It is increasingly clear that the infrastructure around the model is a force multiplier for what the model can achieve. I am still skeptical that I can always tell when one top model is better than a competitor. But I am curious and ready to be proven wrong. Partly as an educational exercise, and partly to expand Codex's capacity in my workflow to do more autonomous work, I worked with ChatGPT and Codex to translate Pedro Sant'Anna's claude-code-my-workflow repo so that as much of the same functionality as possible could be emulated in Codex. I was particularly interested in the specialist agent capabilities (R reviewer, proofreader, writer, etc.) and the adversarial agent that critiques presentational work and code so the model iterates on itself to make the final product and pipeline stronger. So far, Codex seems great for building out codebases in fairly frequent contact with the human researcher, which I mostly prefer as a workflow because it is easier to keep track of the project. But it was not immediately clear how to get it to fully run away and write a paper on its own.
So this port was an attempt to learn more about how Codex and Claude work while also expanding what I can do with the models. Specifically: how much of the Claude workflow from Sant'Anna's repo can be preserved when the assistant changes from Claude to Codex?
You can find the repo for this project here: codex-my-workflow
As Codex explains it to me:
The simplest way to think about a workflow repo is as a toolbox plus a rulebook for working with an AI assistant.
- instructions about how to behave
- templates for plans and reports
- reusable specialist roles
- project memory that survives past one conversation
- verification steps so "done" means something real
That structure turns an AI assistant from "a smart autocomplete window" into
something closer to a junior contractor with a clipboard, a checklist, and a filing cabinet.
The Claude Code setup was appealing because it treated reliability as a workflow problem. It had several appealing features:
- Plan first. This is pretty standard operating procedure with Codex or Claude ("enter plan mode" or "make a plan").
- Keep durable notes on disk so context is not trapped in one chat window.
- Use specialists when one general reviewer is not enough.
- Verify outputs instead of trusting fluent prose.
- Gate completion with explicit quality thresholds.
- Use an adversarial critic/fixer loop instead of a single pass.
So I forked the repo, then asked ChatGPT 5.4 Pro in the browser how I could work with Codex to port it into a Codex-focused version with as much of the same functionality as possible. ChatGPT helped draft initial AGENTS.md and plan documents to guide the Codex rewrite, and it also helped draft the prompt that got Codex started on the translation. Codex then evaluated the Claude repo and decided which documents could generally be preserved, what had to be adapted, and what could not be recreated one-for-one.

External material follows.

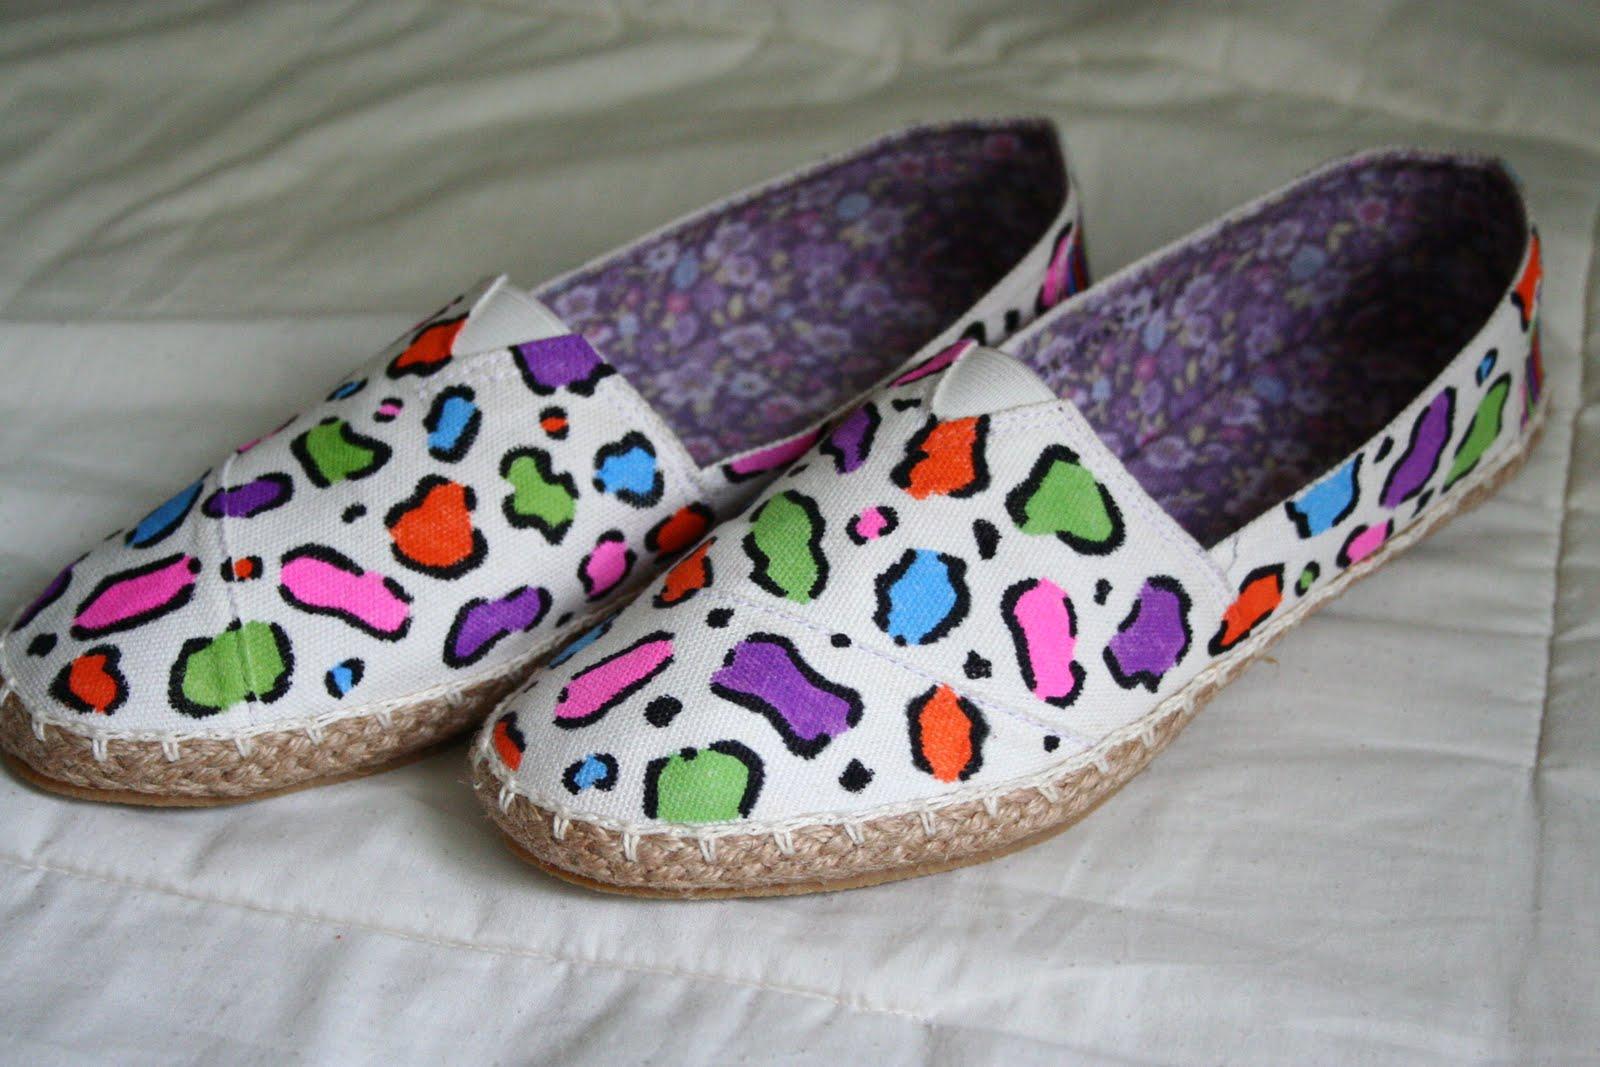 Christhingsss diy design your own espadrilles for Diy shoes design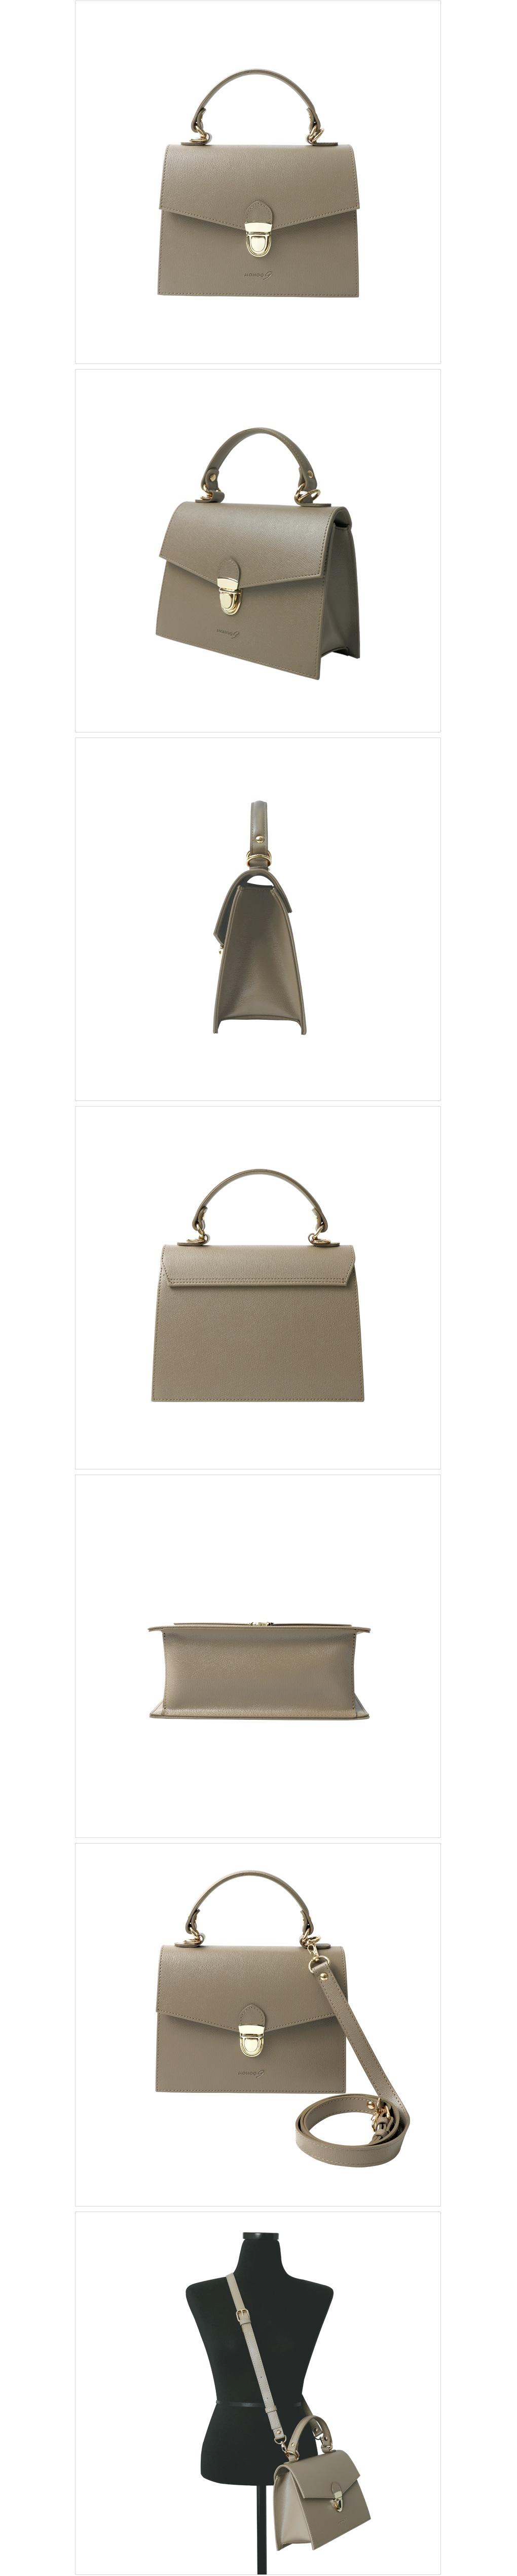 하이엔 토트 크로스백 (dark beige) - 모노크나인, 58,000원, 크로스백, 인조가죽크로스백

The first lesson is that, at a high level, Claude and Codex are similar enough that a port is genuinely possible. They can both read repository content, edit files, follow detailed instructions, run shell commands, work iteratively, and use role-like specializations. They also both benefit greatly from foundational project guidance rather than one-off prompts. But the interesting part of porting this workflow was where they differ.
As Codex put it:
Claude and Codex are similar in the way two kitchens are similar: both have heat, knives, and counters, but the appliances are in different places and some of them work differently. A recipe can survive that move, but not by copying the layout blindly.
There are some important differences. The syntax of guiding documents varies, so the repo structure through which Claude and Codex receive guidance differs. Codex translated Claude project guidance into root and nested AGENTS.md files. Claude settings became Codex config, hooks, and rules. Claude agent definitions became .codex/agents/*.toml. Claude skills became repo-local skills under .agents/skills/.
Another difference is that Codex makes explicitness more important. Codex is less likely to automatically spawn agents such as the adversarial reviewer or specialist agents. This functionality can still be achieved, but prompts need to ask for it explicitly to better ensure those agents get deployed. That changes how the workflow has to be written.
One takeaway is that in the original Claude-centered workflow, Claude can feel more anticipatory of likely researcher desires, and therefore more autonomous. In Codex, the safer pattern is to be more explicit. Prompts generally should name the specialists to be spun up, tell Codex what to do with them, and state verification expectations directly. Codex thus feels a little less magical and in need of a bit more handholding from the researcher and the workflow structure around it. But this is one of the most useful lessons from the port. When platforms differ, a good fallback is often not "invent more automation." It is "store the important files so the model can read them and stay on target."